*What to produce*.
Transcribe exactly the lines below that begin at the line with "Mini Carreras Juego" and stop after the line with "2014 Bugatti Veyron", leaving out every picture.

*Records to process*.
_____

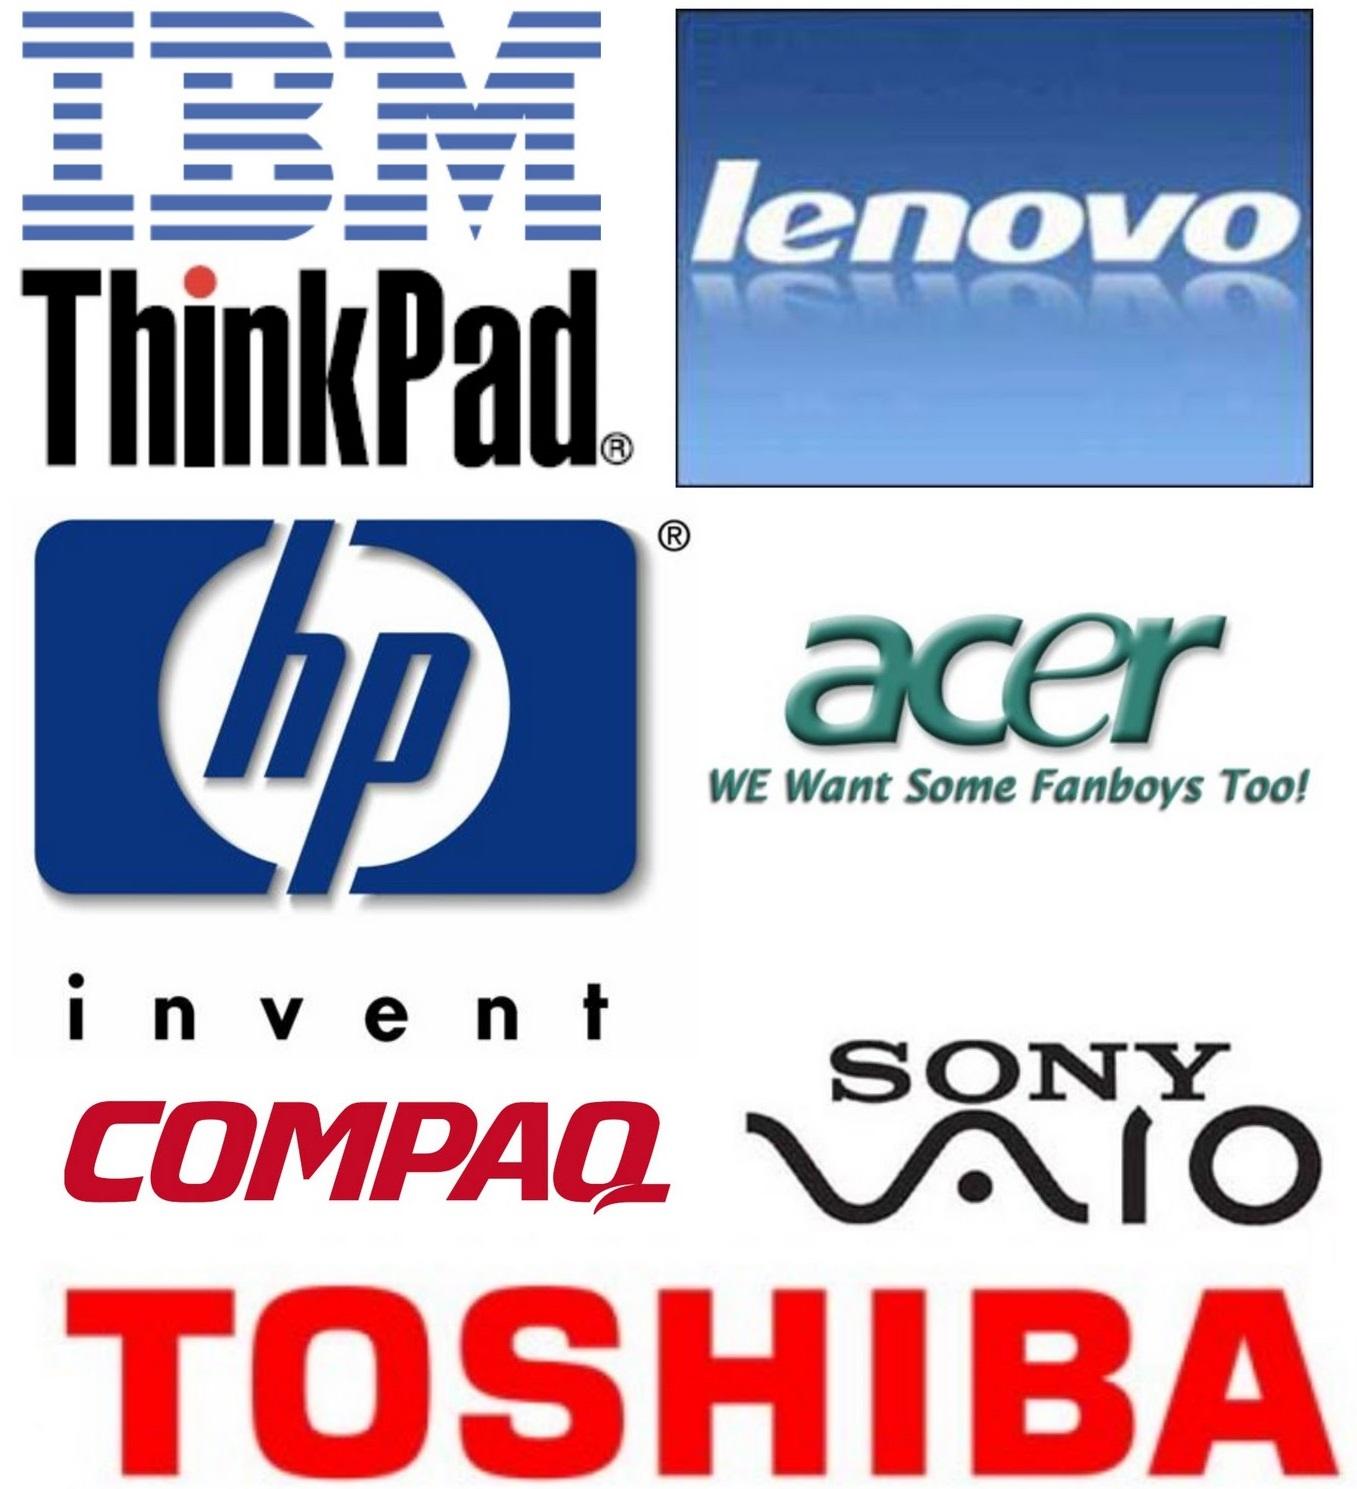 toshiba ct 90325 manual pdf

_____

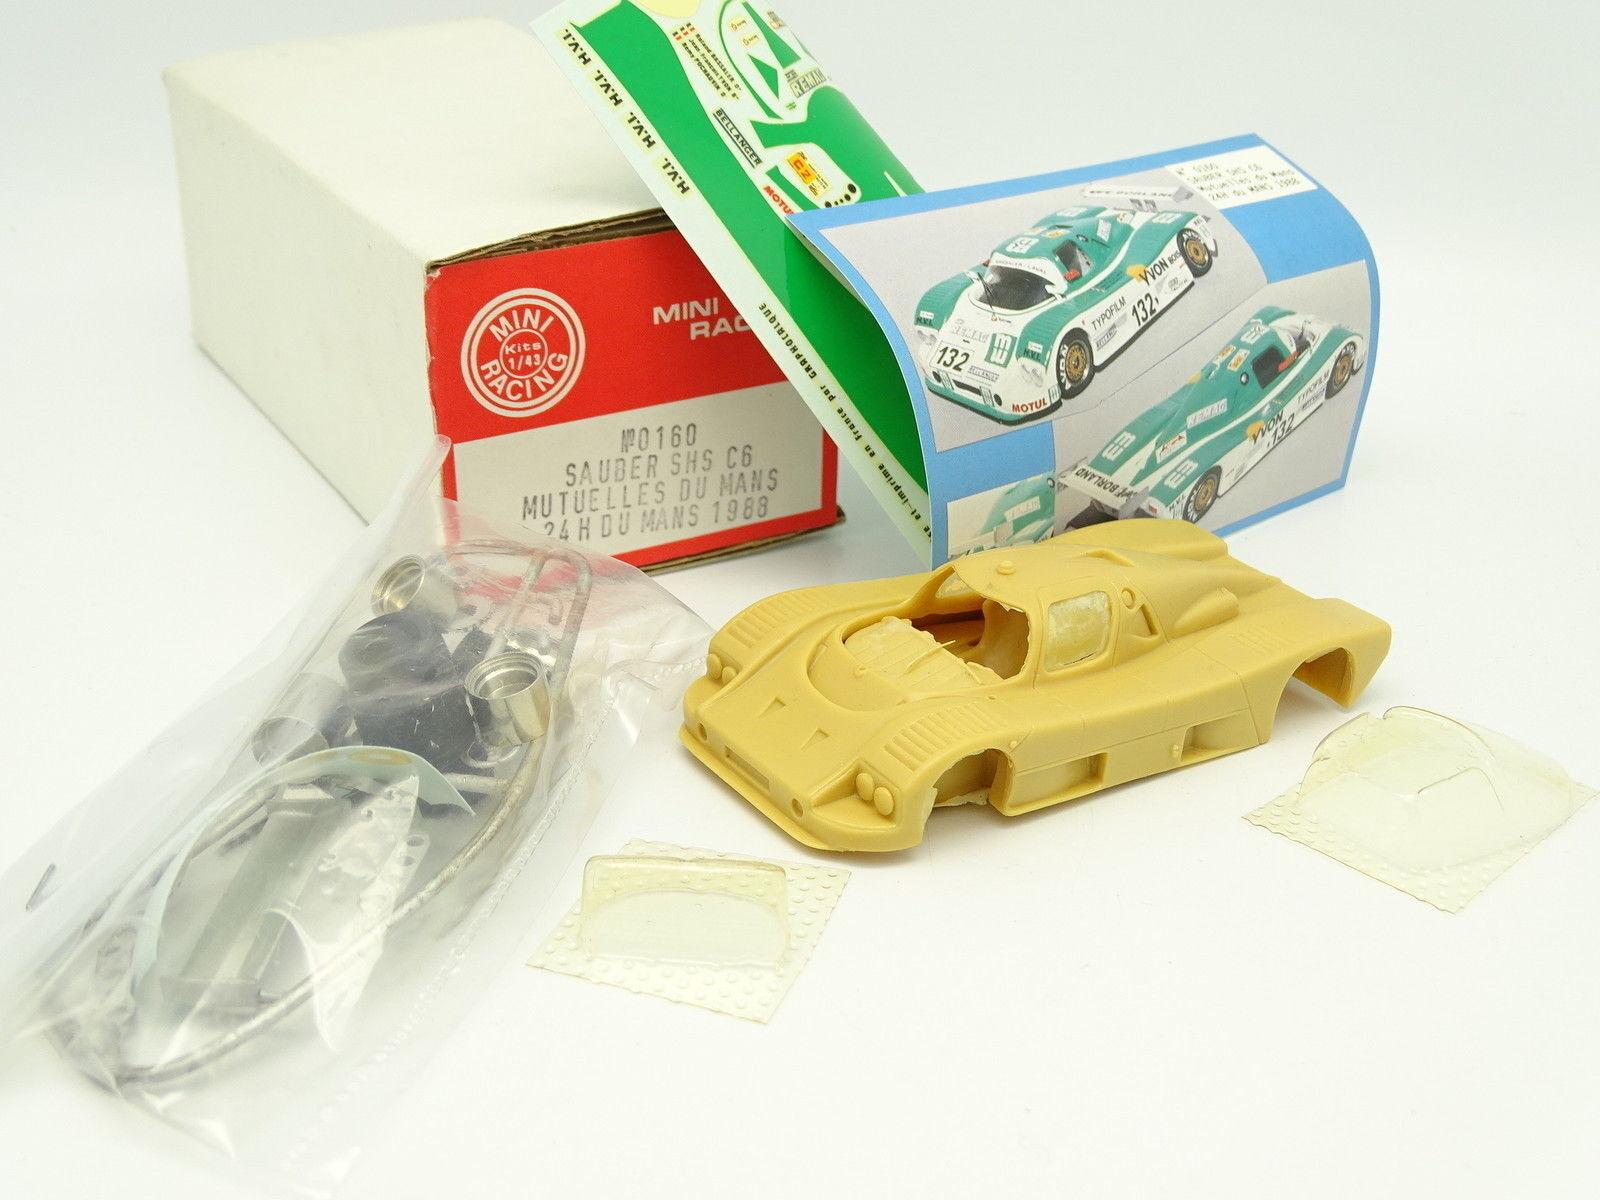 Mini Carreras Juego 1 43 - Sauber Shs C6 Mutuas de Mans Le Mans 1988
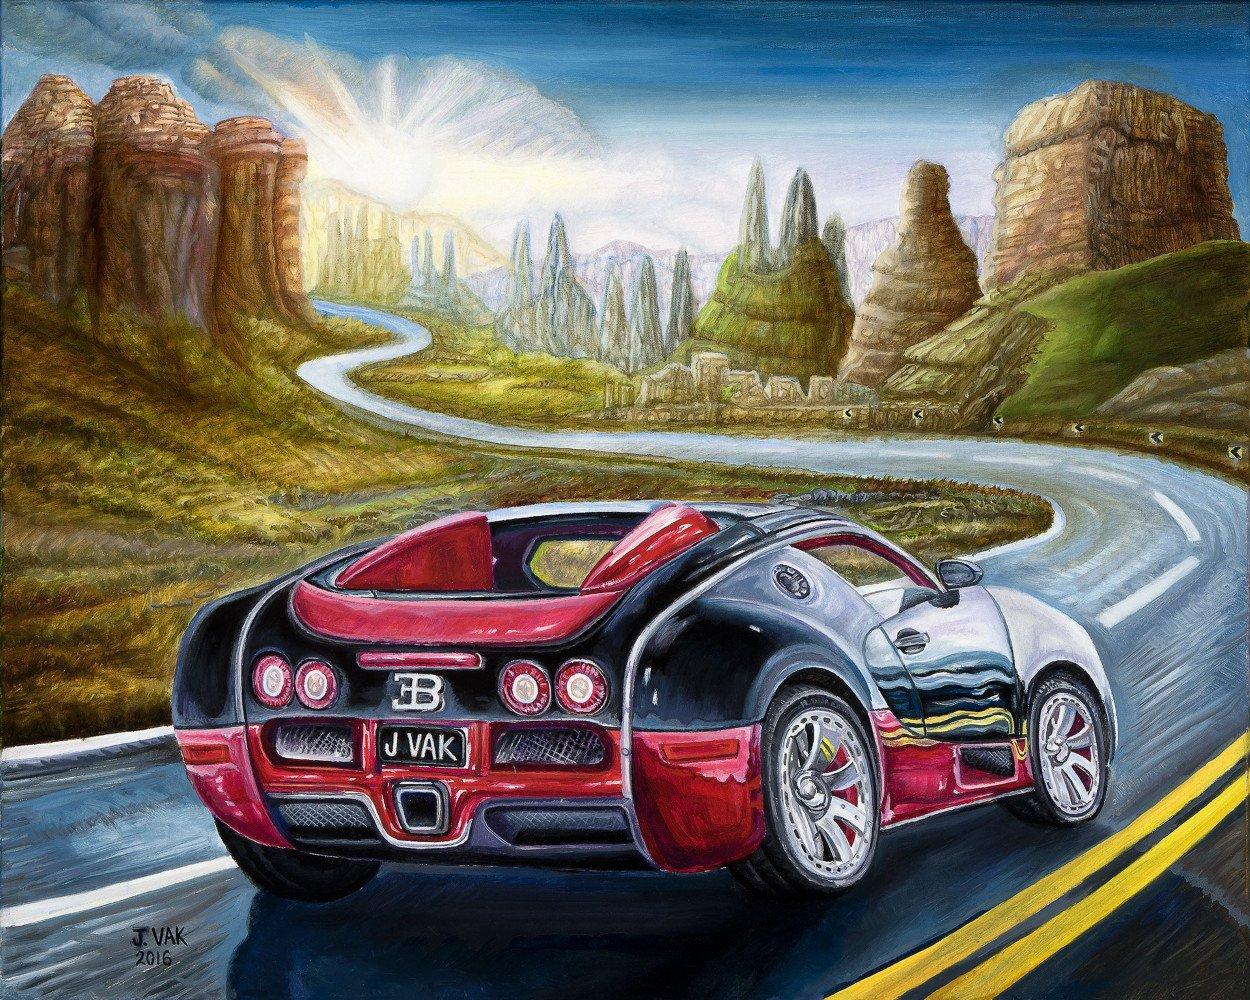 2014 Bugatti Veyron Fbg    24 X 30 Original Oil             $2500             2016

_____

*Solution to this exercise*.
 Mini Carreras Juego 1 43 - Sauber Shs C6 Mutuas de Mans Le Mans 1988
 2014 Bugatti Veyron Fbg    24 X 30 Original Oil             $2500             2016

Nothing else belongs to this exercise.